School of Computing, Ulster University, Newtownabbey, United Kingdom.
Organisation for the Review of Care and Health Applications, Daresbury, United Kingdom.
JMIR Mhealth Uhealth. 2022 Aug 18;10(8):e37290. doi: 10.2196/37290.
The System Usability Scale (SUS) is a widely used scale that has been used to quantify the usability of many software and hardware products. However, the SUS was not specifically designed to evaluate mobile apps, or in particular digital health apps (DHAs).
The aim of this study was to examine whether the widely used SUS distribution for benchmarking (mean 68, SD 12.5) can be used to reliably assess the usability of DHAs.
A search of the literature was performed using the ACM Digital Library, IEEE Xplore, CORE, PubMed, and Google Scholar databases to identify SUS scores related to the usability of DHAs for meta-analysis. This study included papers that published the SUS scores of the evaluated DHAs from 2011 to 2021 to get a 10-year representation. In total, 117 SUS scores for 114 DHAs were identified. R Studio and the R programming language were used to model the DHA SUS distribution, with a 1-sample, 2-tailed t test used to compare this distribution with the standard SUS distribution.
The mean SUS score when all the collected apps were included was 76.64 (SD 15.12); however, this distribution exhibited asymmetrical skewness (-0.52) and was not normally distributed according to Shapiro-Wilk test (P=.002). The mean SUS score for "physical activity" apps was 83.28 (SD 12.39) and drove the skewness. Hence, the mean SUS score for all collected apps excluding "physical activity" apps was 68.05 (SD 14.05). A 1-sample, 2-tailed t test indicated that this health app SUS distribution was not statistically significantly different from the standard SUS distribution (P=.98).
This study concludes that the SUS and the widely accepted benchmark of a mean SUS score of 68 (SD 12.5) are suitable for evaluating the usability of DHAs. We speculate as to why physical activity apps received higher SUS scores than expected. A template for reporting mean SUS scores to facilitate meta-analysis is proposed, together with future work that could be done to further examine the SUS benchmark scores for DHAs.
系统可用性量表(SUS)是一种广泛使用的量表,用于量化许多软件和硬件产品的可用性。然而,SUS 并不是专门为评估移动应用程序,或者特别是数字健康应用程序(DHAs)而设计的。

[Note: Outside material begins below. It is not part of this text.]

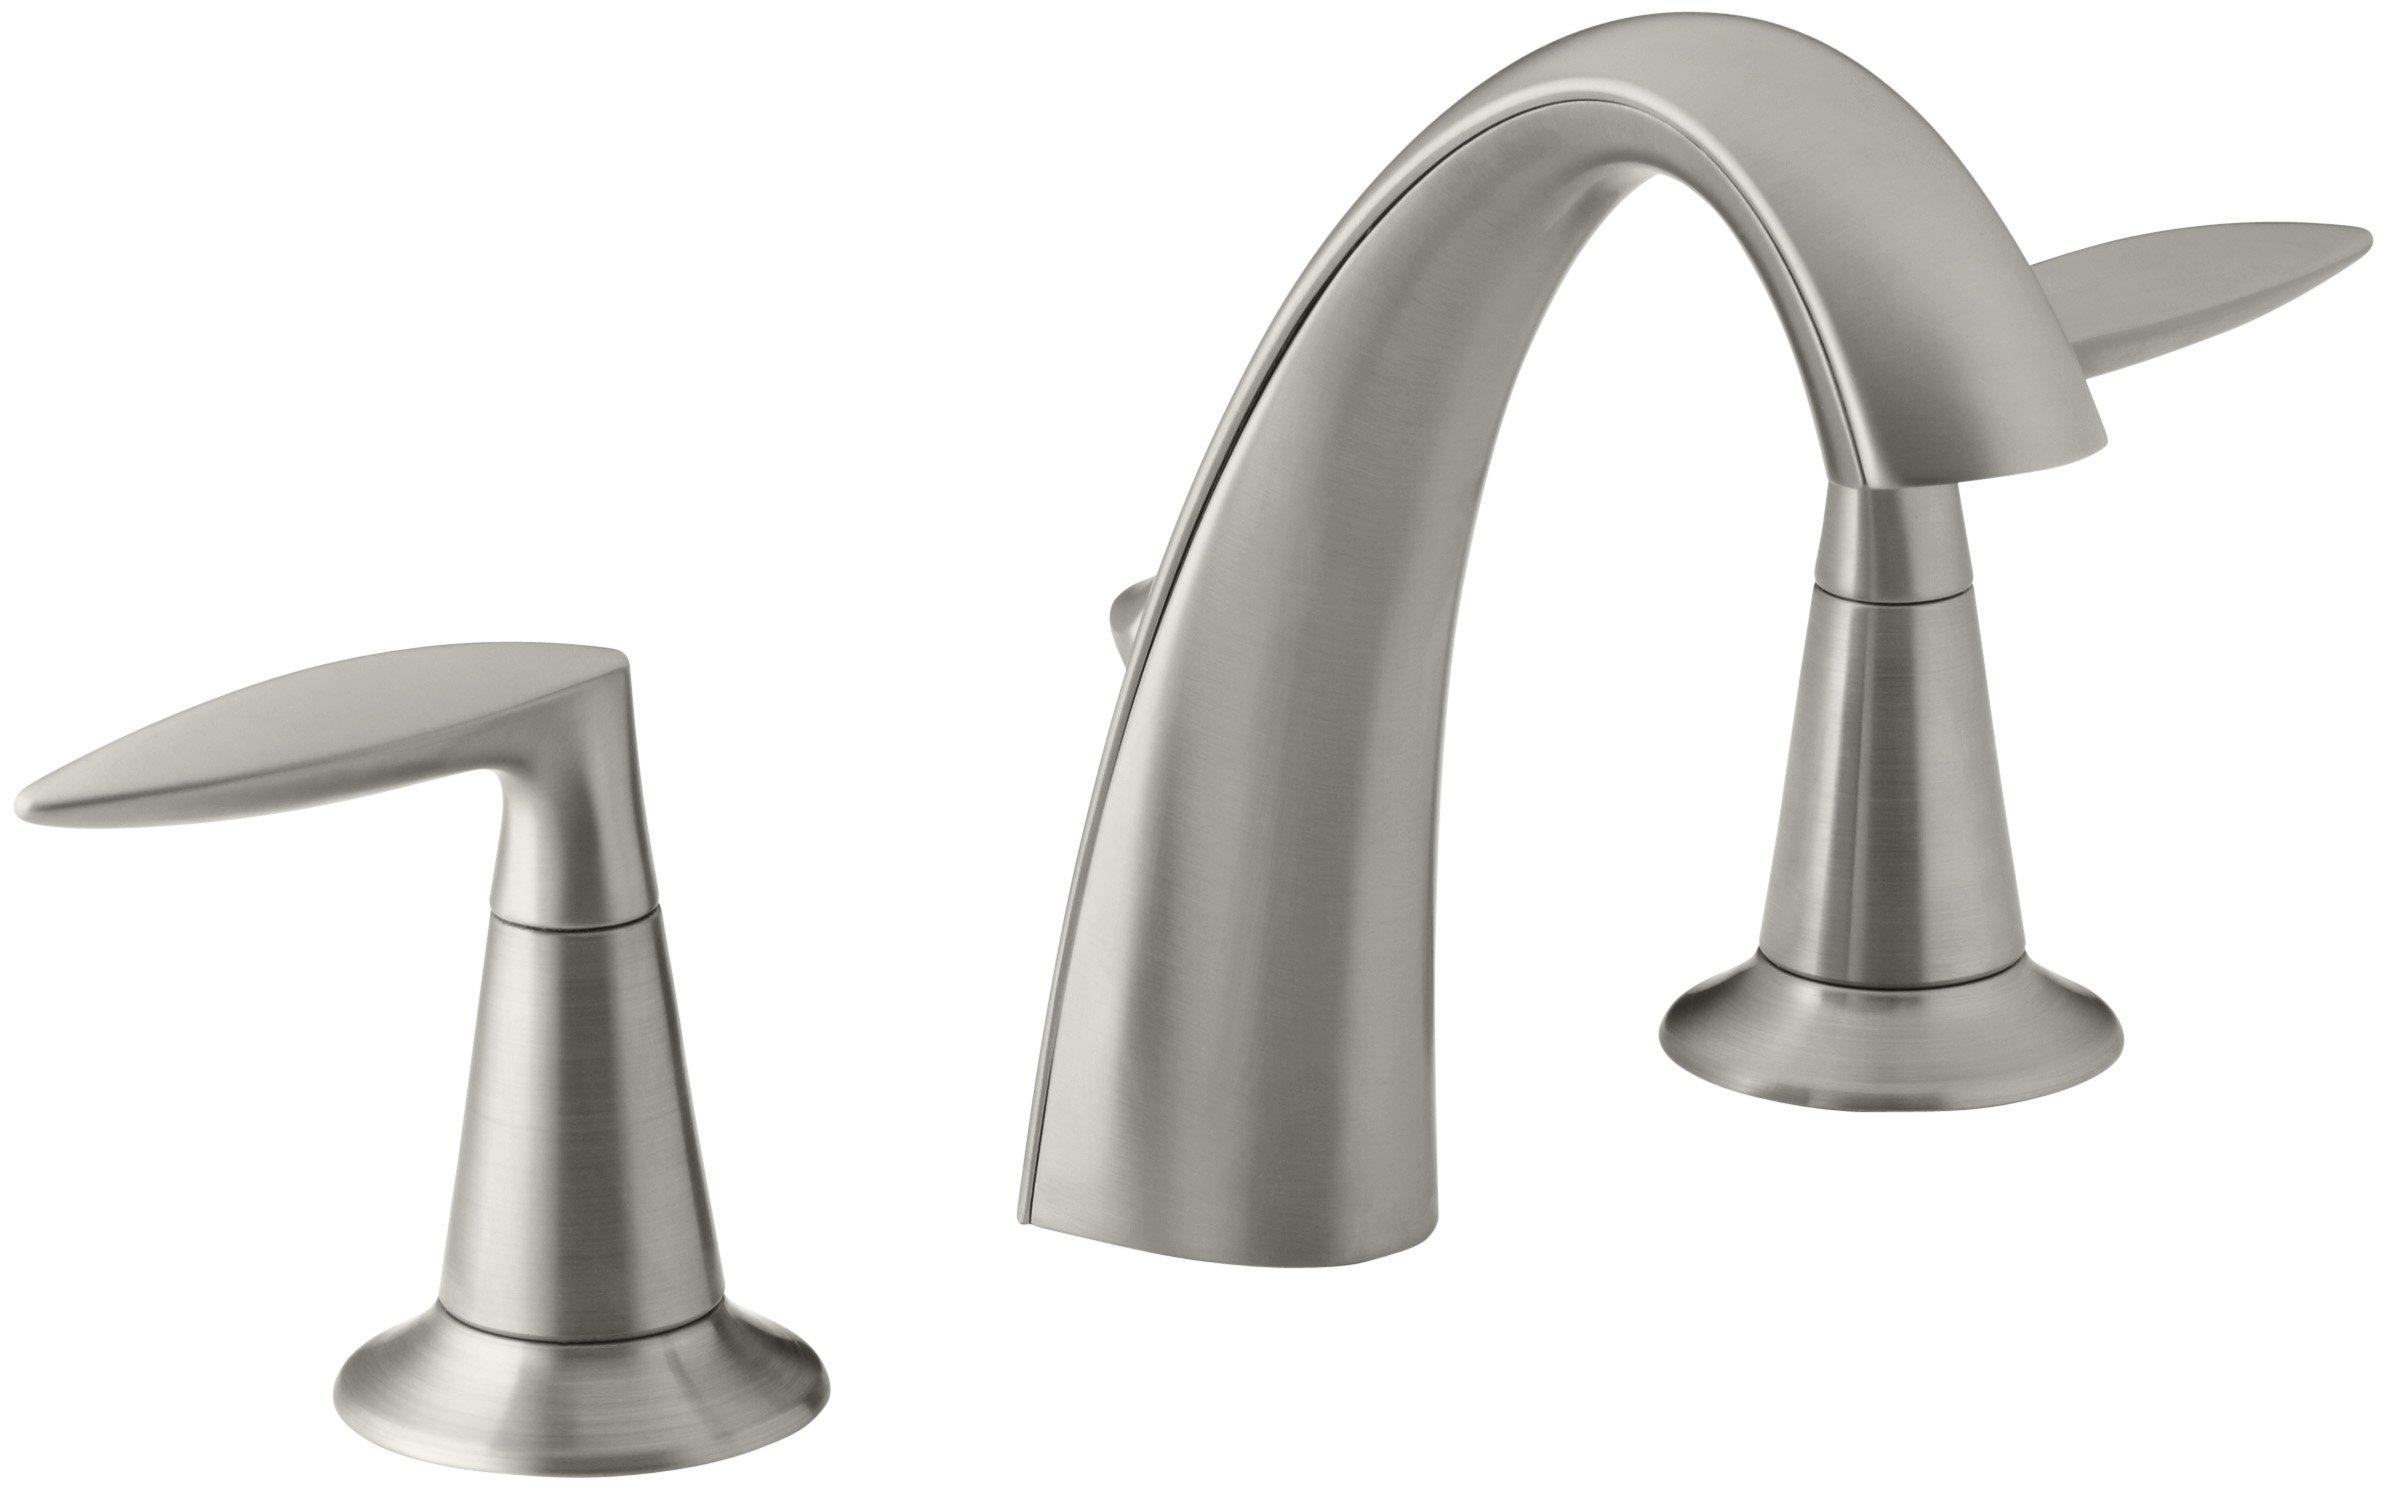 KOHLER K-45102-4-BN Alteo Widespread Lavatory Faucet, Vibrant Brushed Nickel

本研究旨在检验广泛使用的 SUS 基准分布(平均值 68,标准差 12.5)是否可用于可靠地评估 DHAs 的可用性。
使用 ACM 数字图书馆、IEEE Xplore、CORE、PubMed 和 Google Scholar 数据库对文献进行搜索,以确定与 DHAs 可用性相关的 SUS 评分,以进行荟萃分析。本研究包括从 2011 年到 2021 年发表的评估 DHAs 的 SUS 评分的论文,以获得 10 年的代表性。总共确定了 114 个 DHA 的 117 个 SUS 评分。使用 R Studio 和 R 编程语言对 DHA SUS 分布进行建模,使用 1 样本、2 尾 t 检验比较该分布与标准 SUS 分布。
当包含所有收集到的应用程序时,SUS 的平均得分为 76.64(标准差 15.12);然而,该分布表现出不对称的偏度(-0.52),并且根据 Shapiro-Wilk 检验不符合正态分布(P=.002)。“身体活动”应用程序的平均 SUS 得分为 83.28(标准差 12.39),并驱动了偏度。因此,不包括“身体活动”应用程序的所有收集到的应用程序的平均 SUS 得分为 68.05(标准差 14.05)。1 样本、2 尾 t 检验表明,该健康应用程序 SUS 分布与标准 SUS 分布无统计学差异(P=.98)。
本研究得出结论,SUS 和广泛接受的平均 SUS 得分为 68(标准差 12.5)的基准适用于评估 DHAs 的可用性。我们推测为什么身体活动应用程序获得的 SUS 评分高于预期。提出了一个报告平均 SUS 评分的模板,以促进荟萃分析,并提出了进一步研究 DHAs 的 SUS 基准评分的未来工作。